**THE TASK:** The line containing "33 Star side" marks the end: extract everything from the first line of the data through that line, exactly, with no pictures.

**AVAILABLE DATA:**
⁂

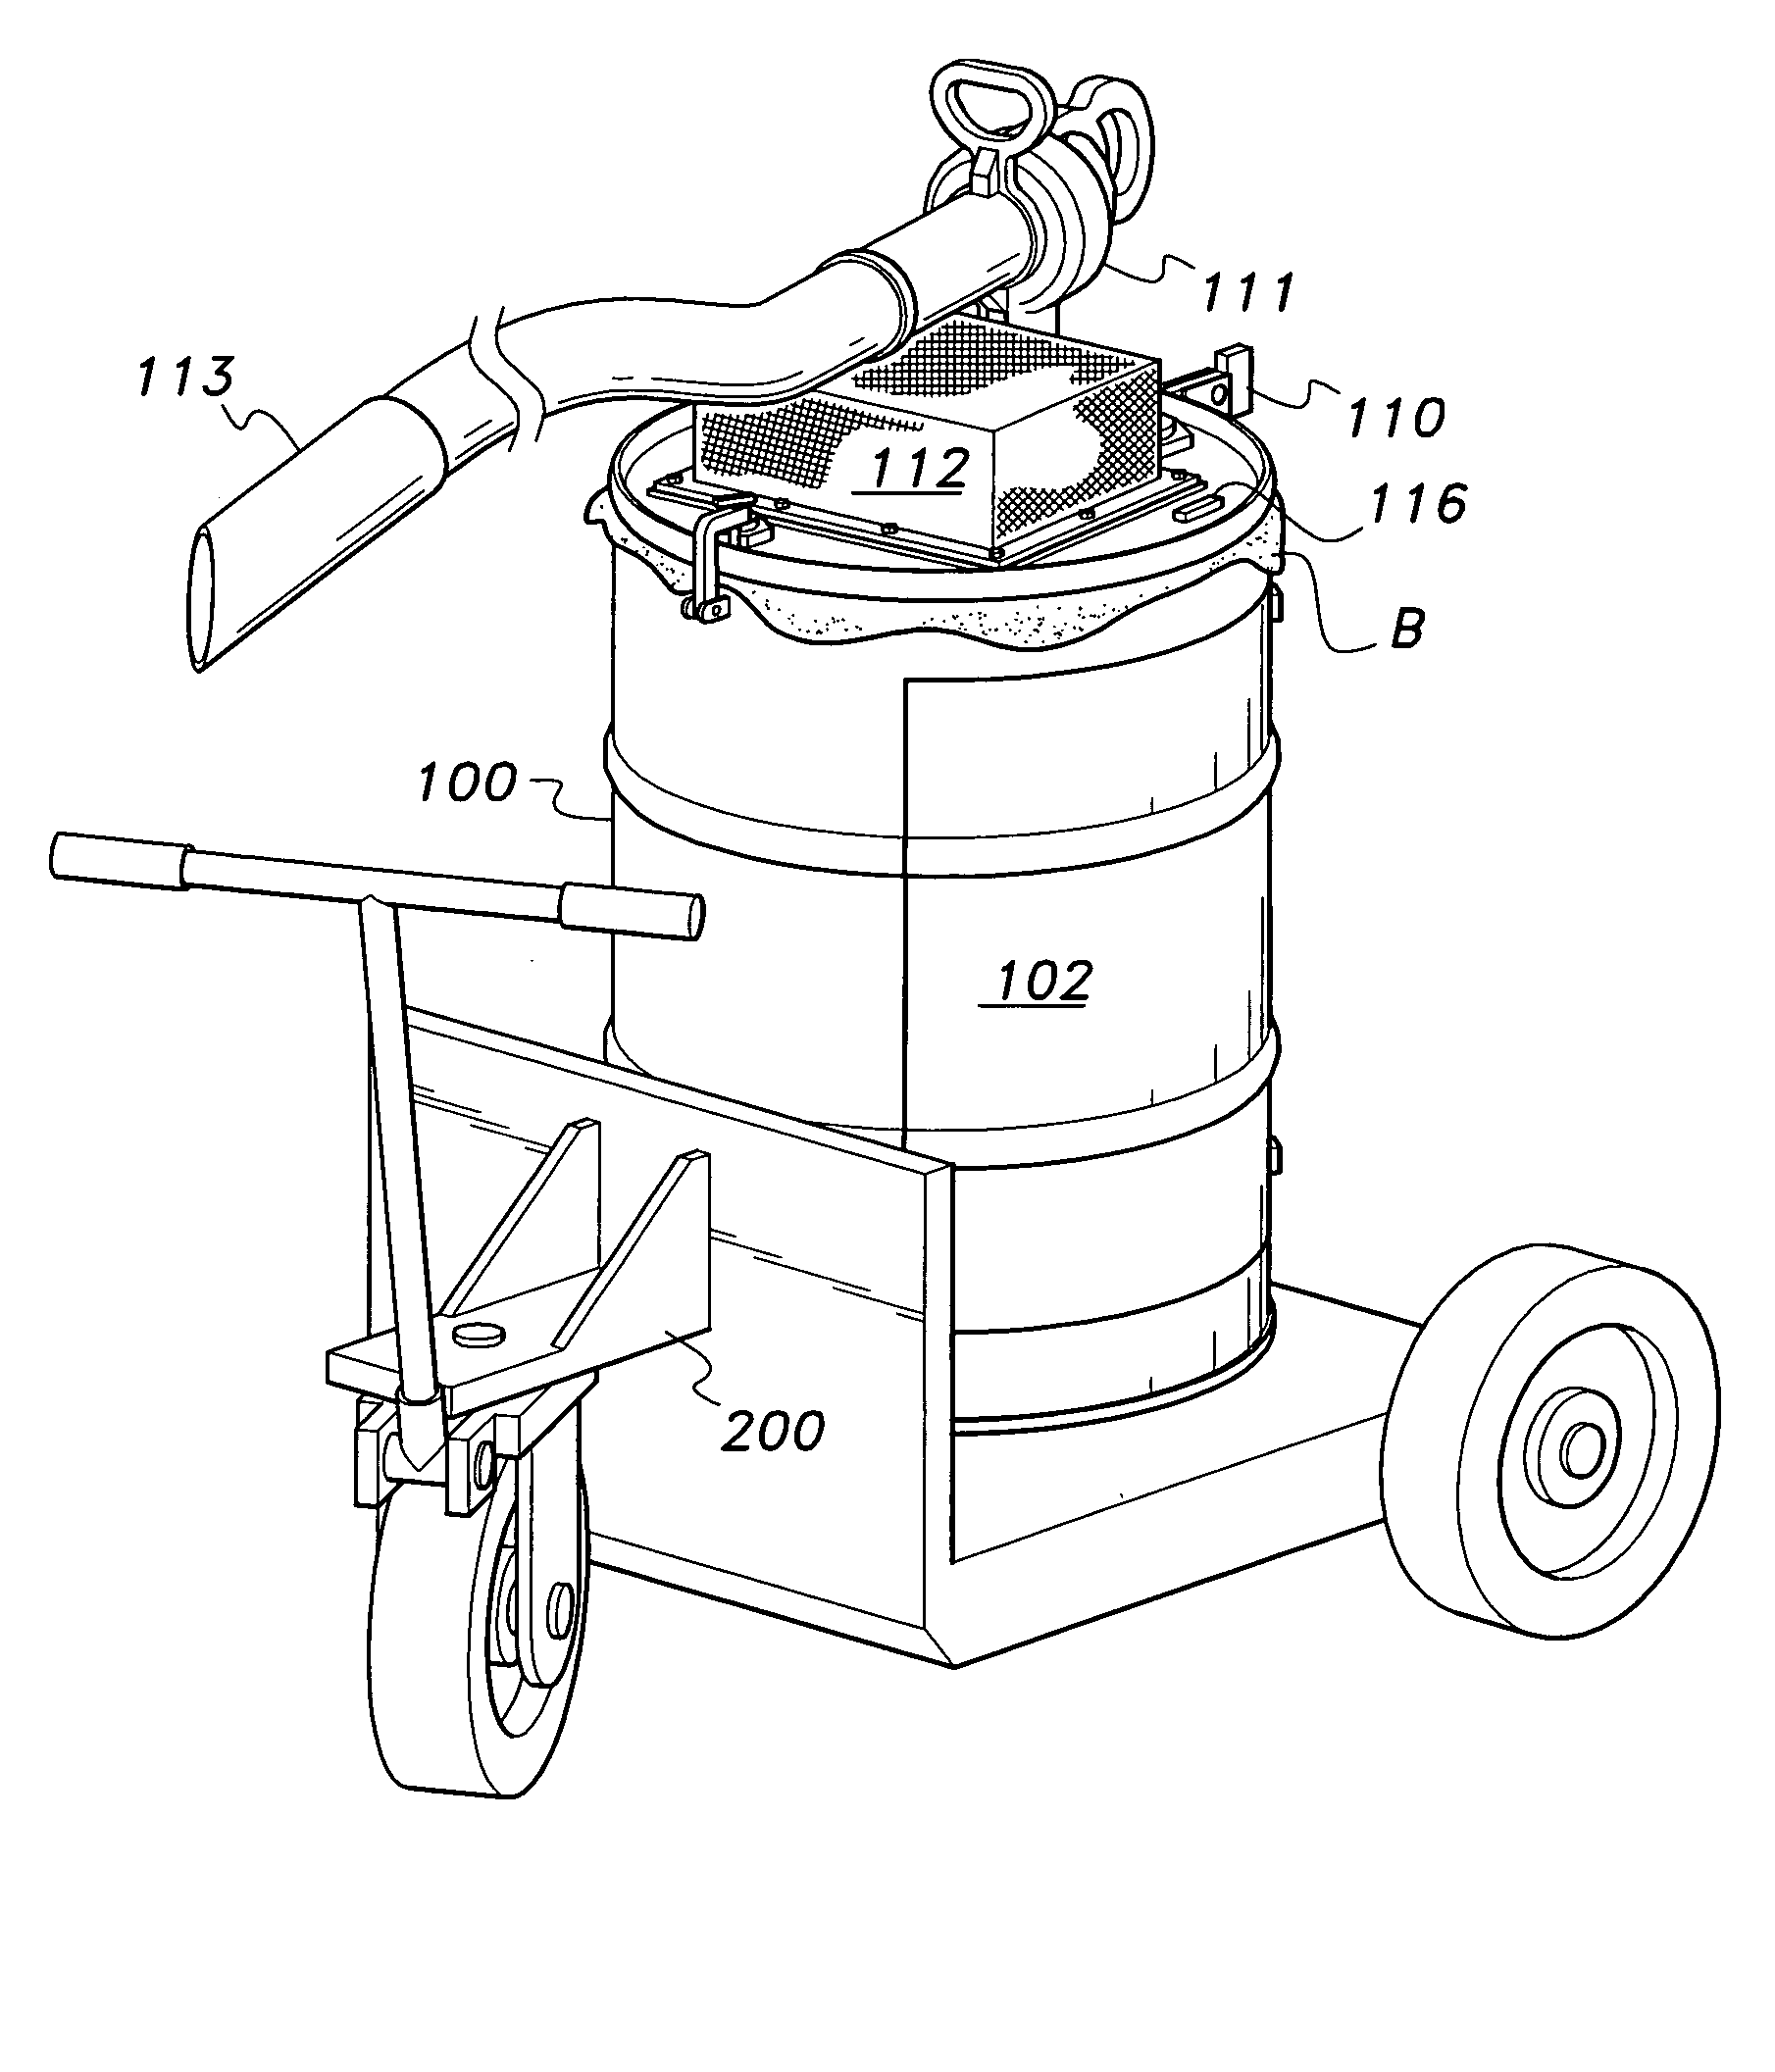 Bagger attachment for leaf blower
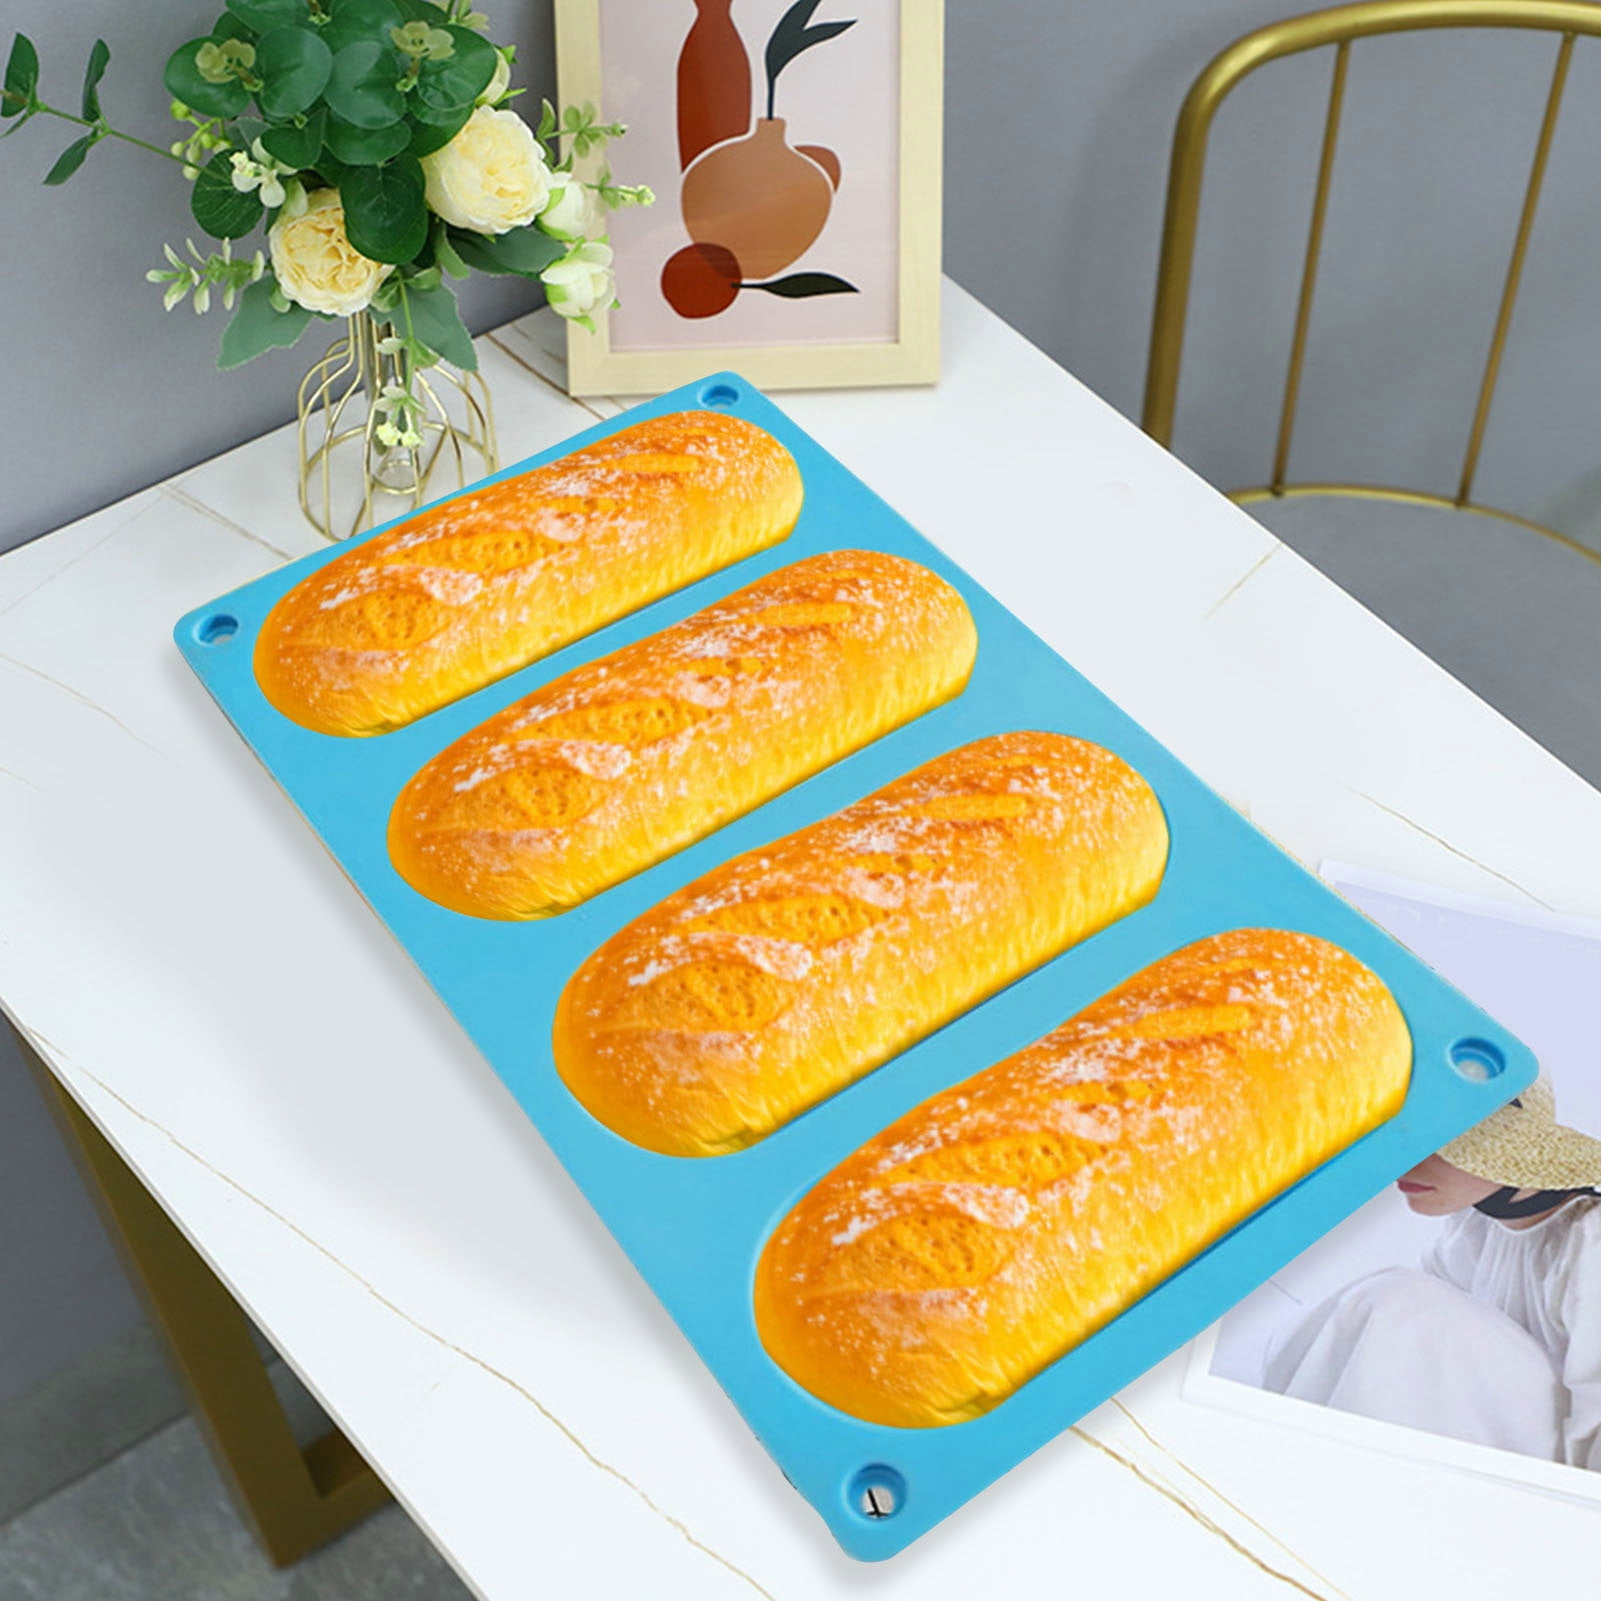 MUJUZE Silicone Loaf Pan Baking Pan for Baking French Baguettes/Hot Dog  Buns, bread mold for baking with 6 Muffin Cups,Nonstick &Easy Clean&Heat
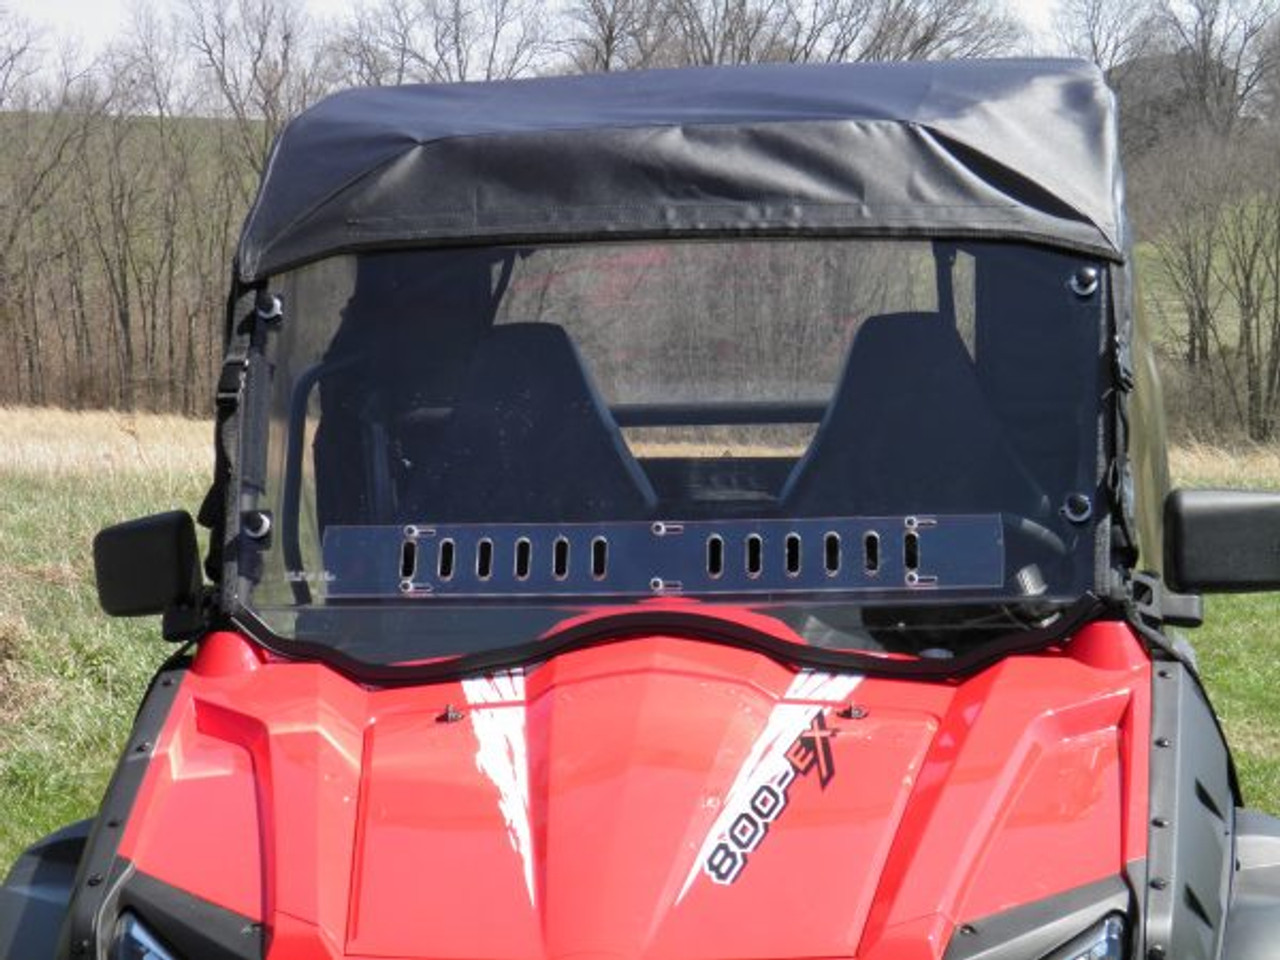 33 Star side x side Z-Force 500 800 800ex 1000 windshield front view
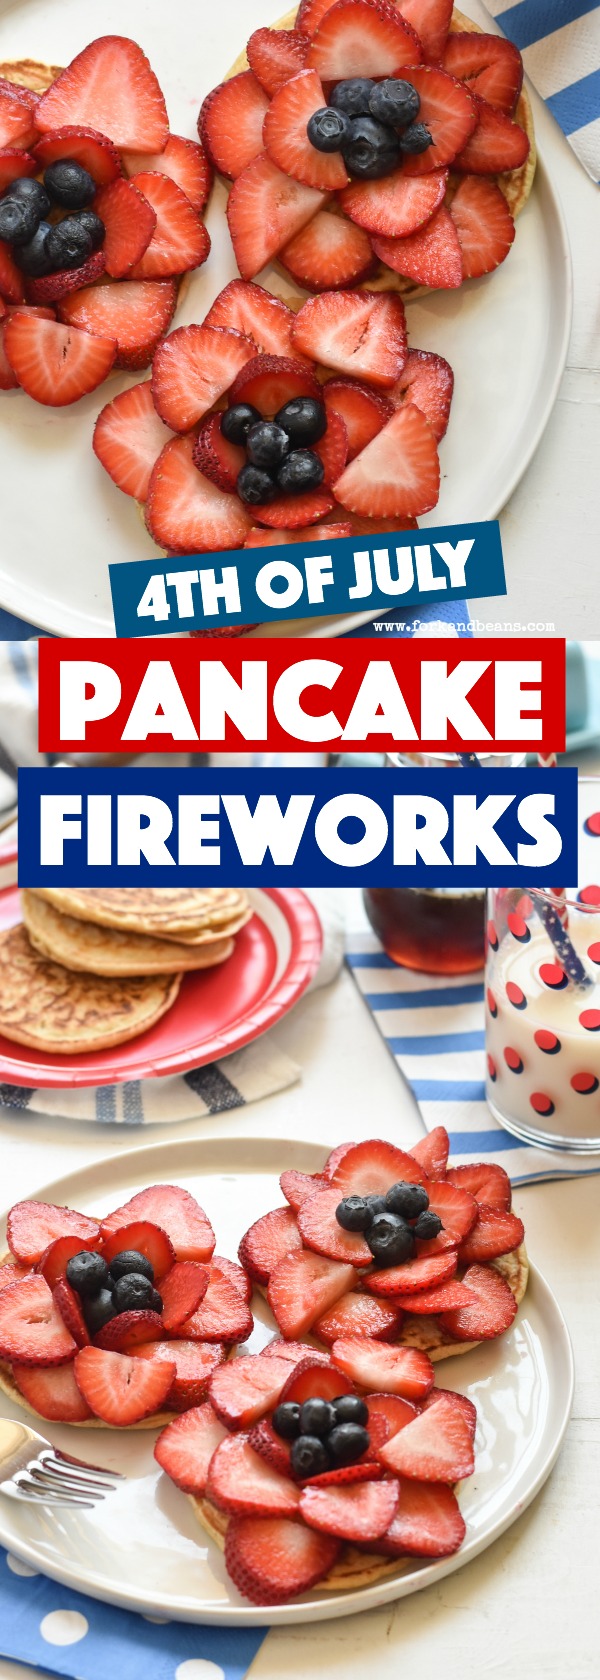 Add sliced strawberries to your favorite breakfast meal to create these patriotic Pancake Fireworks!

⁂

**ANSWER BOX:**
 Bagger attachment for leaf blower
 MUJUZE Silicone Loaf Pan Baking Pan for Baking French Baguettes/Hot Dog  Buns, bread mold for baking with 6 Muffin Cups,Nonstick &Easy Clean&Heat
 33 Star side x side Z-Force 500 800 800ex 1000 windshield front view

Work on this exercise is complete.